Incumbo
Looking at the soil and lichens
A week of workshops led by Karine Bonneval, visual artist, and Mehdi Harzallaoui, chiselling craftsman, as part of the Été Culturel programme and in collaboration with the Friends of Pesselières.
We explored Pesselières and the surrounding area, looking for lichens and soil. We'll start by observing lichens and interpreting them using techniques that combine know-how and science, in operations that will bring us a little closer to alchemy.
Portraits of lichens
As Vincent Zonca says in his book Lichen, pour une résistance minimale: covering nearly 8% of the earth's surface, lichen is a living creature that should be familiar to us. Yet it is so discreet that it seems insignificant, invisible. But the closer we get to it, the more we discover its beauty, its mysteries and its strange power of attraction. Half-alga, half-mushroom, it could well revolutionise our conception of living things and reshape our imaginations... It is part of what is known as "neglected biodiversity", which is estimated to represent 80% of the planet's species.
Lichens are a common sight in Pesselières, but if you look closely, you'll see that they are unusual organisms because they are the product of a symbiotic relationship. They colonise trees, soil and rocks, but are not parasites. Their diet of mineral elements is strange, as are their shapes.
Recognising
Armed with magnifying glasses, we looked at lichens in situ, trying to capture their unique beauty. With the help of specialist books, we learned to recognise them: lichens on soil, trees or rocks. A micro universe of infinite forms that we've taken the time to meet.
Represent
This observation exercise, which requires patience and curiosity, has given rise to gestures and traces of the structures and shapes that make up these hybrid beings: ink traces, outdoor drawings, using branches as improvised pencils. Drawings in the wild, which allow us to recognise the shapes and become familiar with the structures that will initiate the creation of chiselled motifs. Tame these micro landscapes.
Chiselling
The drawings were used as a basis for transferring onto metal, tracing and chiselling several wish medallions. Each ex-voto is traced and set in cement. The whole creative process is brought into play here, from observation to conceptualisation, finding the right gestures with the right chisels, and the right shapes for each project.
The metal lichens will then be cut using a boc-fil, using traditional jewellery-making techniques, and shaped, filed, patinated and drilled.
Portraits of soils
We leaned over the ground to listen with a bioacoustic sensor to the more or less dense movements of the invertebrates that inhabit it.
Each person was invited to bring a sample of the soil that was dear to them, to create a portrait of it.

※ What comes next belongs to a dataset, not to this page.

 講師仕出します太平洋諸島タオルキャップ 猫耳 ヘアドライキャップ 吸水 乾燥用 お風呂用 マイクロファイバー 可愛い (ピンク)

In a transformation akin to alchemy, the organic and chemical compounds in the soil were revealed in coloured strata by diffusion on a round filter. Soil chromatography is a process that uses sodium hydroxide and silver nitrate in very dilute solution. Invented in the 1950s by Pfeiffer for biodynamic use, the soil solution diffuses over a period of two days by capillary action on a prepared scientific filter. Once the layers have been absorbed by the paper, the filter is exposed to light for a week to fix the colours. Using the silver photography process (silver nitrate/light), we obtain portraits of the soil revealed.
Using sensors to listen to the earth, we listened to the activity of invertebrates in the soil around the oil mill.

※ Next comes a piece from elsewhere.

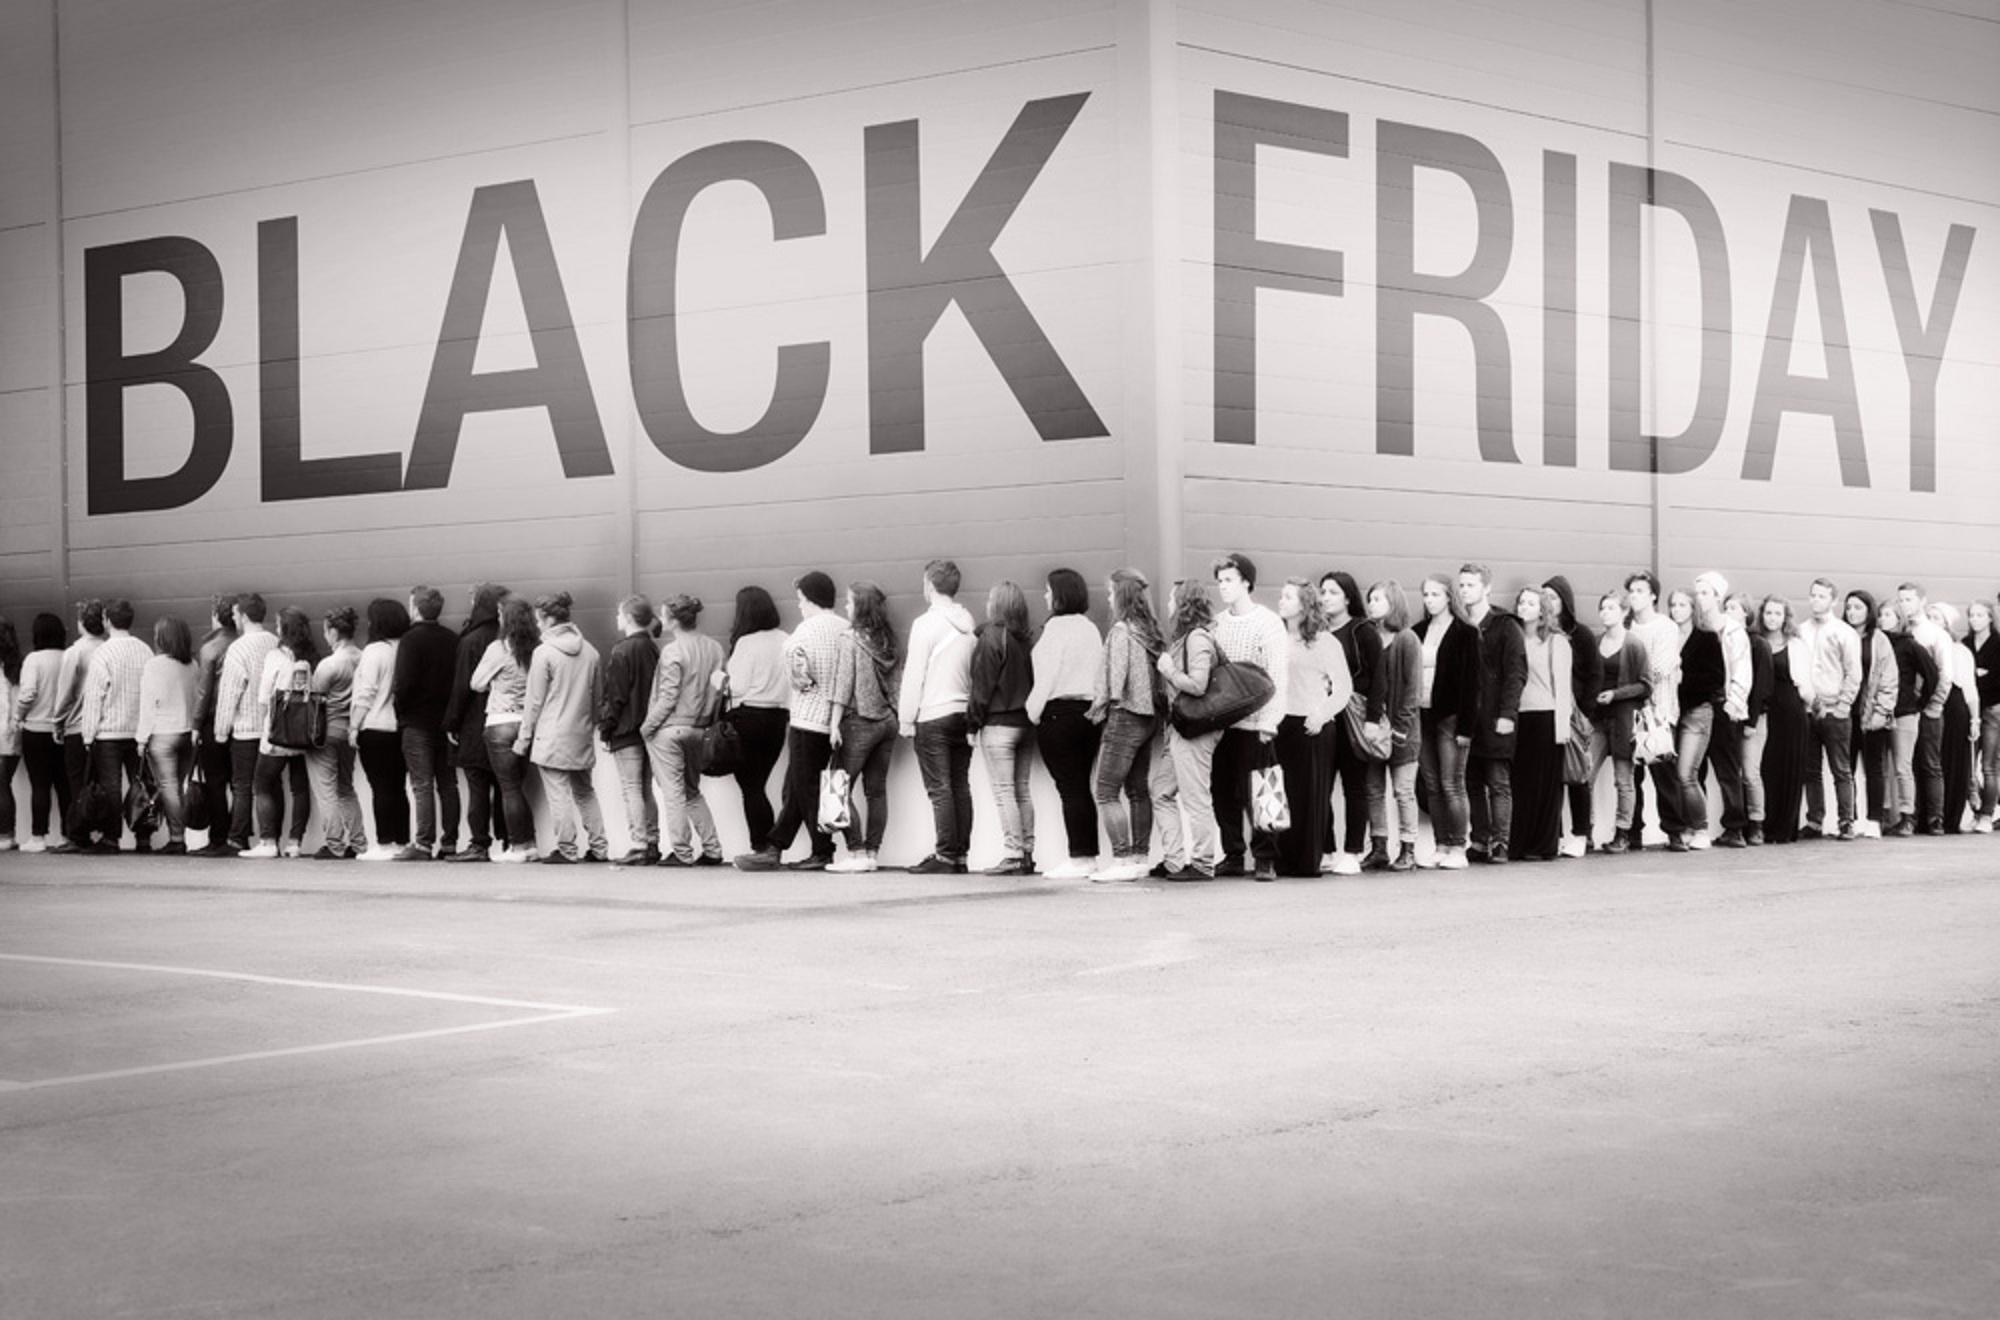 Black Friday  inmobiliario: Casaktua ofrece 250 inmuebles de 85 m2 por menos de 250 euros al mes

To support the portraits, and to show them off to best advantage in the exhibition that followed the workshop, we made supports from papier-mâché earth. Once dry, these flat discs will be mounted on wooden rods to form an 'elevation' of some of our region's soils for visitors to the Tour de Vesvre dovecote to see.
We ended the week's workshop with a visit to the Millérioux oil mill, which welcomed us.